尽管液体活检在癌症治疗方面有巨大的潜力,但在将血液循环蛋白质组学和基因组生物标志物转化为临床方面却收效甚微。这主要是由于血液循环中肿瘤来源的生物分子浓度极低,特别是在早期疾病阶段,这使得生物标志物管道的发现阶段极具挑战性。纳米技术提供了一个很有前途的解决方案,最近开发了一种纳米粒子-生物分子富集工具,用于富集卵巢癌患者血液中的低丰度、低分子量蛋白质。[1]蛋白质组学分析和基于免疫分析的选定蛋白质验证表明,纳米粒子平台在发现比临床使用的生物标志物具有更高特异性和敏感性的新型生物标志物方面具有潜力。此外,我们最近证实了在体外与人血浆孵育的脂质纳米颗粒表面捕获无细胞DNA (cfDNA)的存在。[2]与年龄匹配的女性对照相比,在晚期卵巢癌患者的纳米颗粒富集血浆样本中检测到的cfDNA丰度明显更高。对相同样本的蛋白质组学分析也显示了肿瘤特异性组蛋白的升高,组蛋白通常在循环中与cfDNA复合物中发现。这些发现强调了开发纳米蛋白质基因组学平台的机会,该平台能够同时从人血浆中纯化蛋白质和无细胞核酸,这是发现新的多组生物标志物面板的重要一步。利用上述专利纳米技术,我们比较了来自年龄和性别匹配对照的癌症患者的纳米颗粒生物分子样本的蛋白质组学和基因组图谱,以发现新的潜在的基于血液的生物标志物。简而言之,离体血浆样品与基于脂质的纳米颗粒一起孵育,并使用基于尺寸的两步纯化方案进行纯化。然后通过无标记蛋白质组学(LC-MS/MS)和下一代测序分析纯化的样品,以揭示蛋白质组学和基因组肿瘤特异性特征,包括差异丰富的蛋白质,基因组拷贝数改变和肿瘤特异性突变。
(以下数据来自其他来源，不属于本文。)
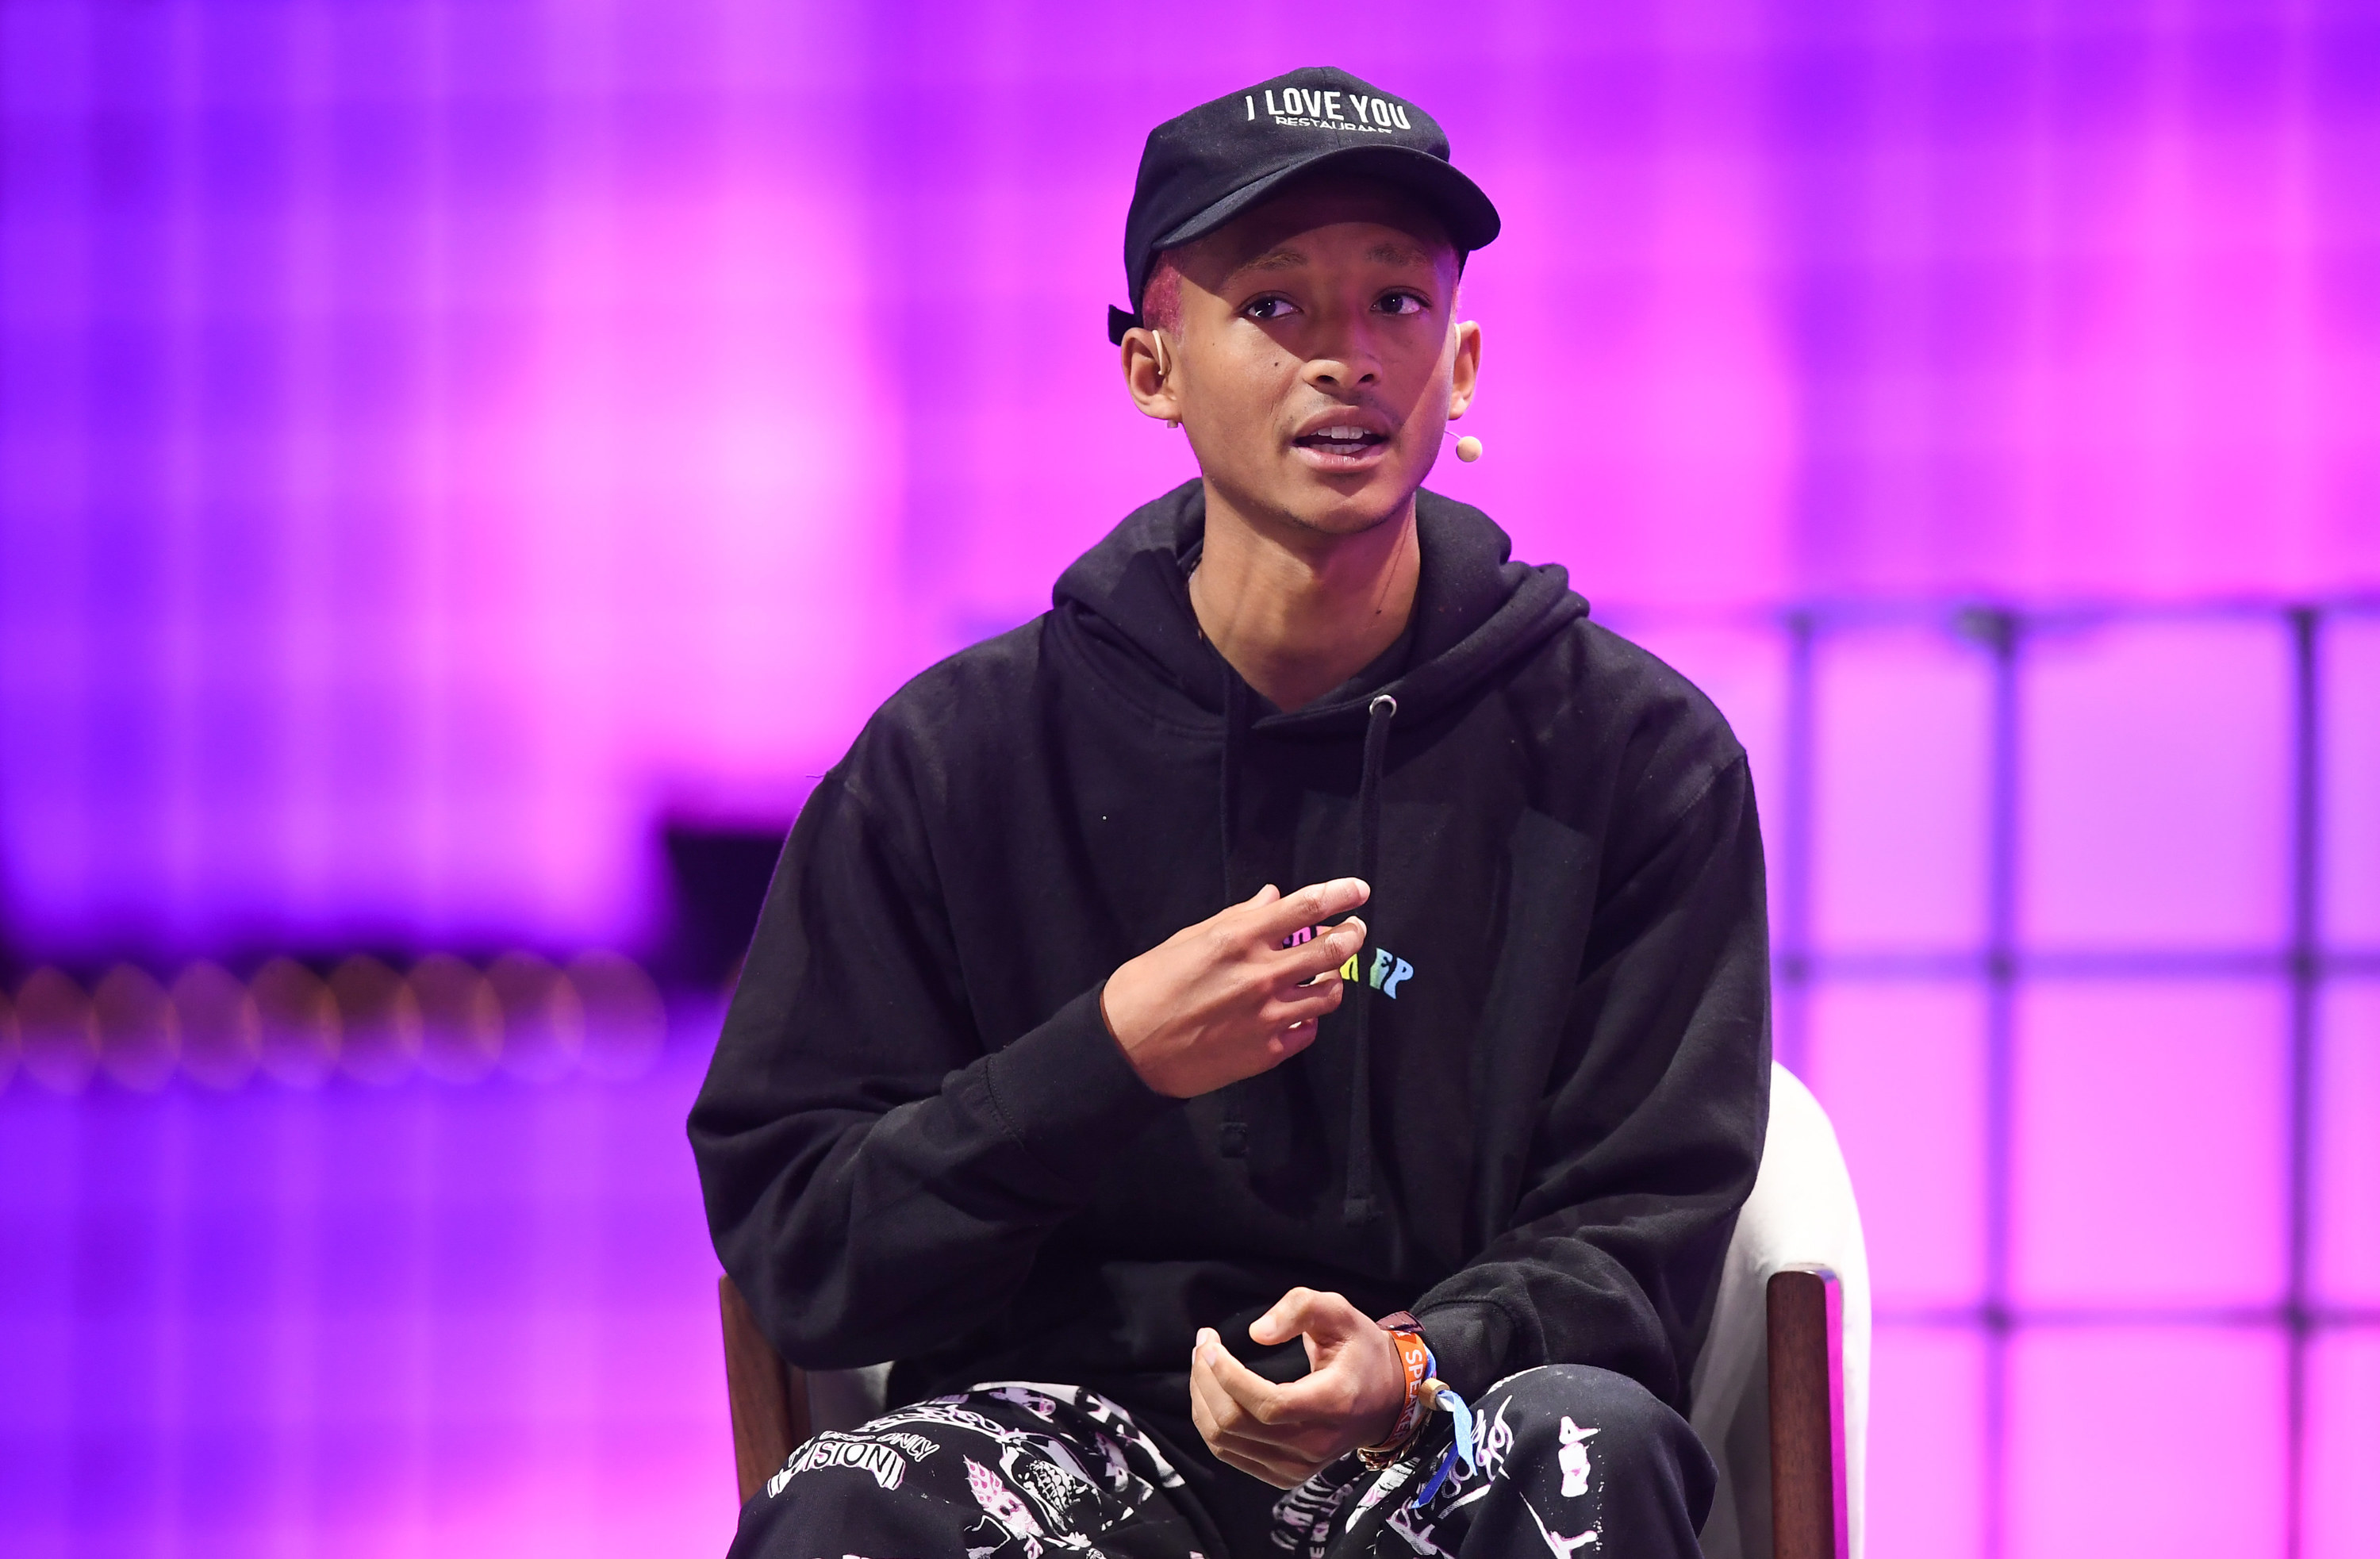 Jaden Smith, 15, believes 'more intelligent society' would exist
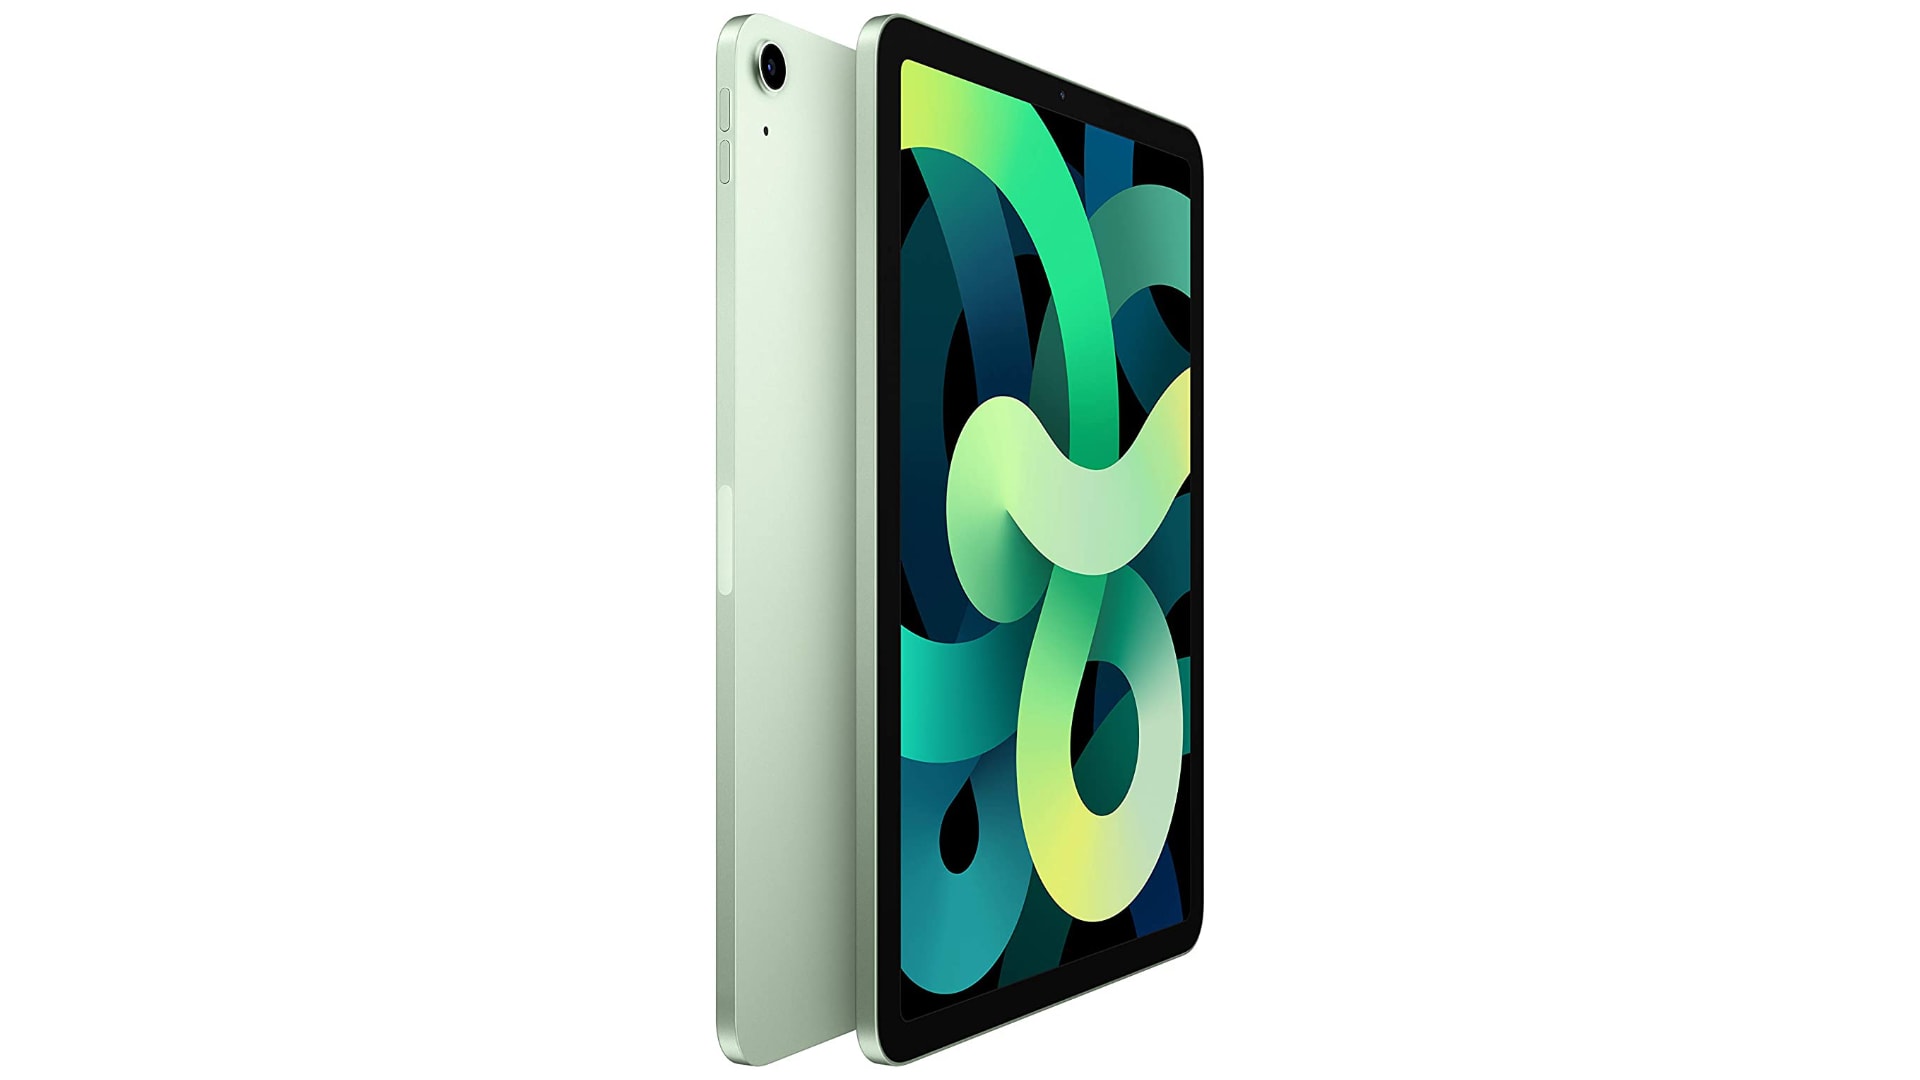 Apple S Newest Ipad Air Gets Its Biggest Price Cut Yet

这项工作突出了我们基于纳米技术的富集平台的潜力,以加强癌症特异性蛋白质基因组生物标志物面板的发现,这是开发用于癌症早期检测的敏感和特异性液体活检的重要一步。[1]刘建军,李建军,李建军,等。纳米材料与纳米技术,2016,34(1):1 - 9。[2]李建军,张建军,张建军,张建军,张建军,等。纳米材料与纳米材料的研究进展。引文格式:Lois Gardner, Dominic G. Rothwell, Caroline Dive, Kostas Kostarelos, Marilena Hadjidemetriou。纳米技术用于多组学血液分析和癌症生物标志物发现[摘要]。见:美国癌症研究协会2021年年会论文集;2021年4月10日至15日和5月17日至21日。费城(PA): AACR;癌症杂志,2021;81(13 -增刊):568。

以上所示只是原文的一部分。